BRDC is a company limited by guarantee whose main objects are to provide
a members' club and promote British motor sport. It owns the Silverstone
motor-racing circuit.
The merger
In 1999 Octagon (then BHL) signed contracts with Formula One Administration
Limited (FOA) under which it would replace BRDC as promoter of the British
Grand Prix. Initially Octagon offered to acquire Silverstone from BRDC,
hoping to stage the race there, but BRDC refused its offer. Octagon then
applied for planning permission to upgrade Brands Hatch to Formula One
standards but its application was called in by the Secretary of State
for the Environment, Transport and the Regions with a view to his making
a decision following a pub-lic inquiry. The resulting delay would have
put Octagon in breach of its contract with FOA. Octagon therefore negotiated
the agreement with BRDC which is the subject of our inquiry.
Under the agreement Octagon was granted a 15-year lease of the Silverstone
circuit and took over the operation of the circuit from BRDC. Octagon
agreed to carry out an investment programme costing up to US$60 million
to upgrade Silverstone, which had been criticized by FOA for not keeping
up with current standards. It was agreed, however, that BRDC and FOA would
each contribute $20 million to the cost: BRDC through a reduction in rent
under the lease and FOA through a reduction in the fees which Octagon
had agreed to pay for the right to promote the British Grand Prix. FOA
also agreed to extend Octagon's contract to promote the race, previously
due to run from 2002 to 2007, to 2010.
The markets affected
Three product markets are affected by the merger: a downstream market
for the supply to final consumers of motorsport activities based at licensed
circuits; an upstream market for the supply of track time to organizations
offering motorsport activities to final consumers; and an upstream market
for the promotion of motorsport events at licensed circuits.

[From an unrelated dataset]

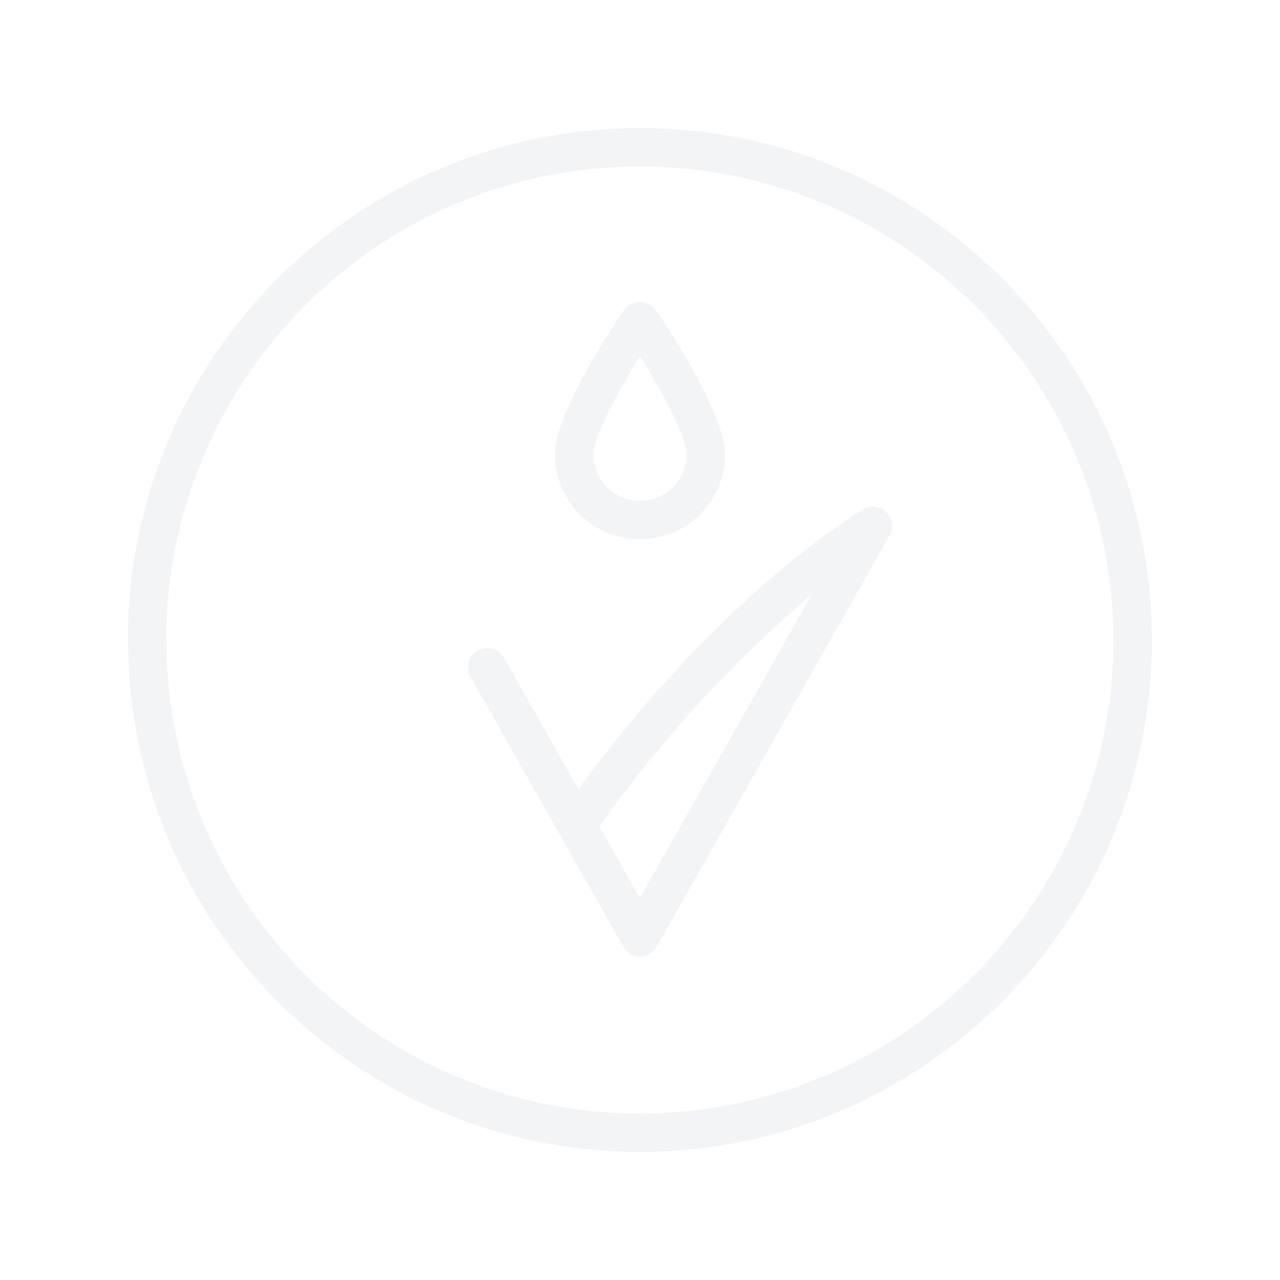 Shiseido Advanced Hydro-Liquid Compact Refill Foundation SPF10 12g

The downstream market has three segments:
- spectator events;
- participatory activities for consumers with their own vehicles; and
- participatory activities for consumers who are provided with vehicles
by the supplier of the activity.
The geographical extent of these downstream segments ranges from international
to national and local. Further, there are differences in the extent to
which consumers in these seg-ments see alternative leisure activities
as substitutes. The two upstream markets, by and large, operate on a national
basis.
Assessment of the merger's effects
As a result of the merger Octagon now controls five of the 18 licensed
circuits in the UK, including two of the best known. The merger has increased
Octagon's share of turnover from circuit operations from 28 to 72 per
cent. If the British Grand Prix is excluded from the figures, the increase
is from 39 to 60 per cent. Further, Silverstone is more important as a
competitor to Brands Hatch than the other way around because Brands Hatch
is relatively isolated from other circuits whereas Silverstone is not
far from three other circuits, which are operated by parties other than
Octagon. The merger has therefore given Octagon control of one of the
main rivals to Brands Hatch.
In order to assess the merger's effects on the public interest, we had
to consider what would have happened in the absence of the merger. It
was put to us that the merger had ensured that a round of the Formula
One championship would continue to be held in the UK. In our judgement,
however, if the merger agreement had not been reached, an alternative
arrangement, not involving a merger between Octagon and BRDC, was likely
to have been made to keep the British Grand Prix.
A sizeable proportion of the spectators at major motor-racing events
are likely to see other sporting and leisure activities as acceptable
substitutes for motorsport. This constrains the ability of circuit operators
to raise prices for major events. Smaller events are attended mainly by
enthusiasts and draw from a more limited geographical area. For such events,
however, Octagon could not raise prices at Silverstone above market rates
because of the competition that it faces from other circuits in the Midlands.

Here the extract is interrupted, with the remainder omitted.